The next move was made by General Franco himself—on the subject of Gibraltar. In the last war, anti-British Gibraltar demonstrations scion became frequent in Spain, but nothing more happened. This time matters have gone farther. On July 17th, the eve of the anniversary celebrations of the 1936 revolution, the Caudillo referred in a speech, to " the bequest of Gibraltar and the vision of Africa," 'which, he said, were after four hundred years still an " eternal obligation " for Spain. The allusion, not generally understood in this country, was to the testament of Queen Isabel the Catholic, who, on her death in 1504, ordered her daughter and son-in-law, Joan and Philip, and their heirs on the Spanish throne, always to keep as part of the royal patrimony " the city of Gibraltar with all that pertains to it, and neither to give it away nor alienate it from the Crown." The order was disregarded in 1783, when Gibraltar, first captured from Spain by Britain in 1704, was permanently ceded to her, and General Franco would appear to have meant that Spain must make the recovery of Gibraltar a primary aim of her foreign policy.

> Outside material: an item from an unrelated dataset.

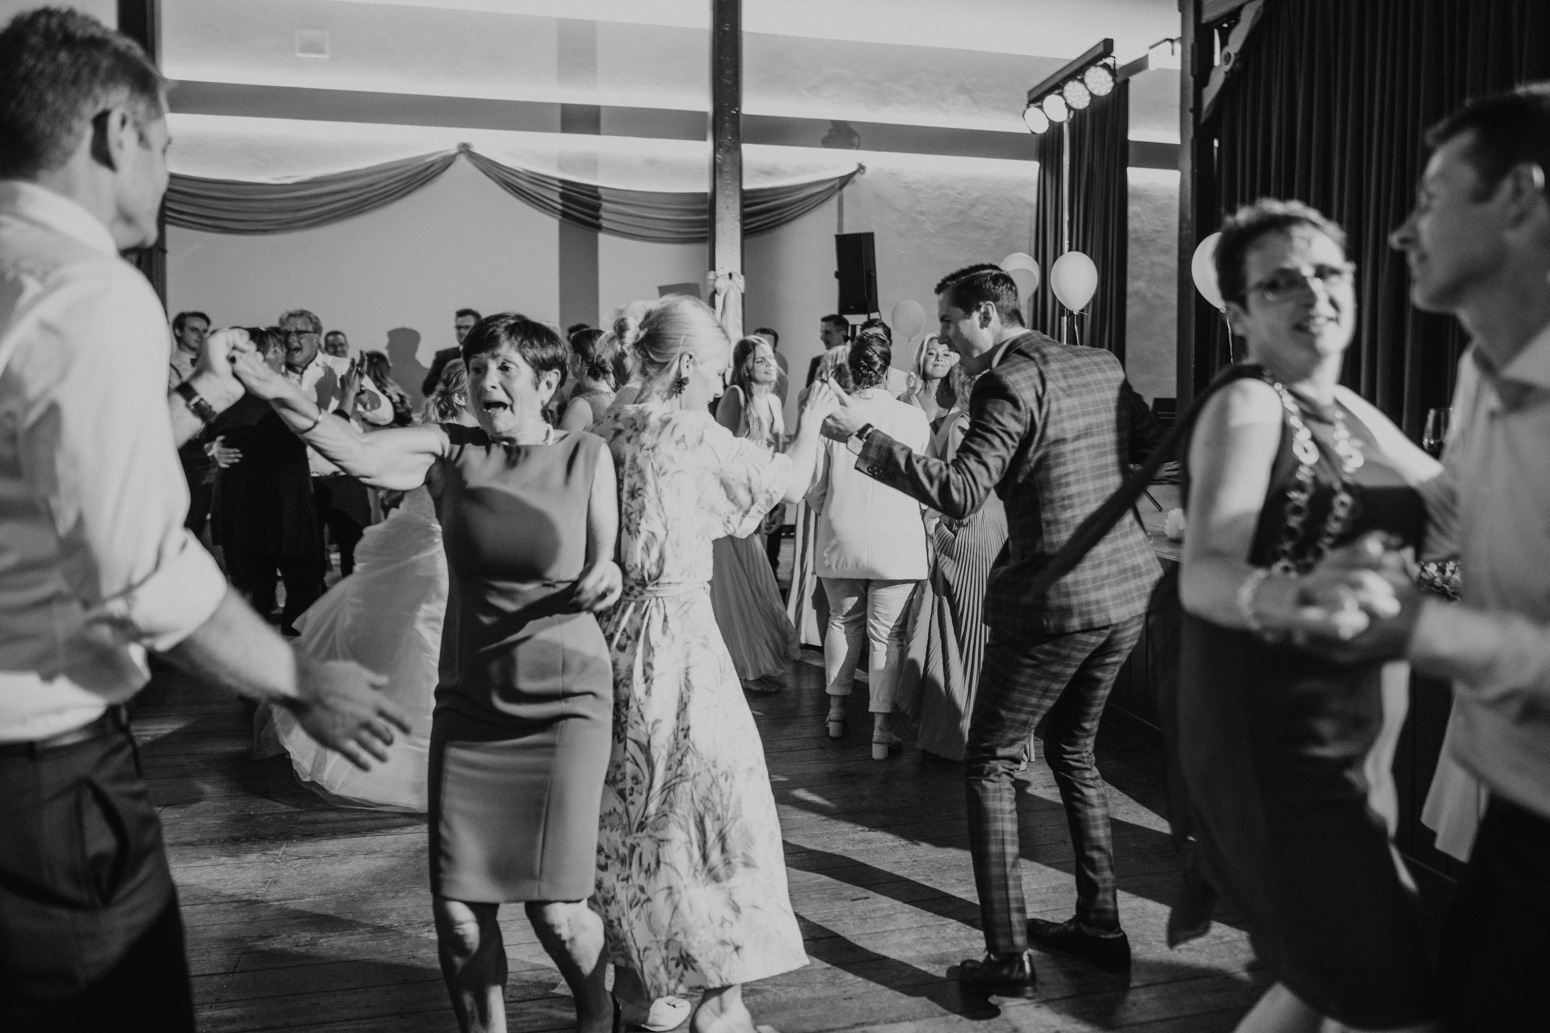 Hochzeitsparty und tanzende Gäste einer Hochzeitsfeier in der kleinen Beethovenhalle, Bad Godesberg. Hochzeitsfotograf Köln Bonn, Daria Becker von Genuine Bonds, NRW
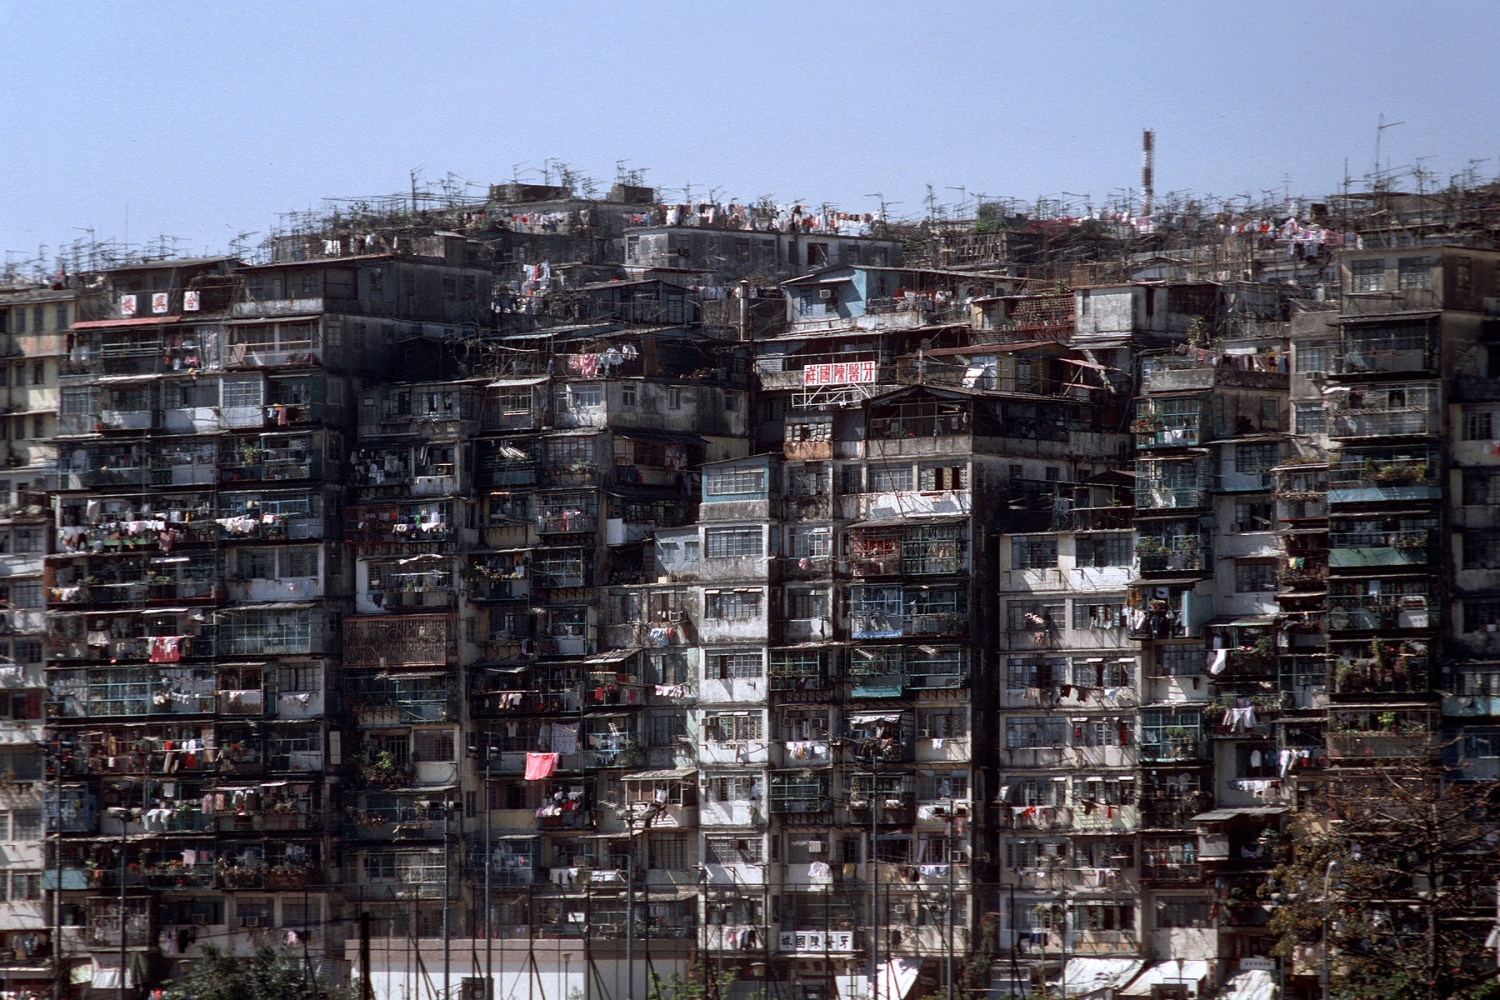 bill-hocker-walled-city-kowloon-hong-kong-1988

He may well have meant no more, but it is clear from the Spanish Press that Germany is doing her utmost to arouse long-slumbering Spanish ambitions and to create new ones, so as to be able in time to use Spain for her own purposes. " The new Europe," a Nazi publicist is quoted by the Spanish Press recently as having declared, " will need a greater Spain to be the partner of the Axis Powers, for together the three States will have to fulfil their new mission." It seems incredible that a nation of practical idealists can be misled by such specious phrases, but if Spain falls a victim to the Axis Powers it will be because she has been persuaded that by joining them she can realise her dream of Empire.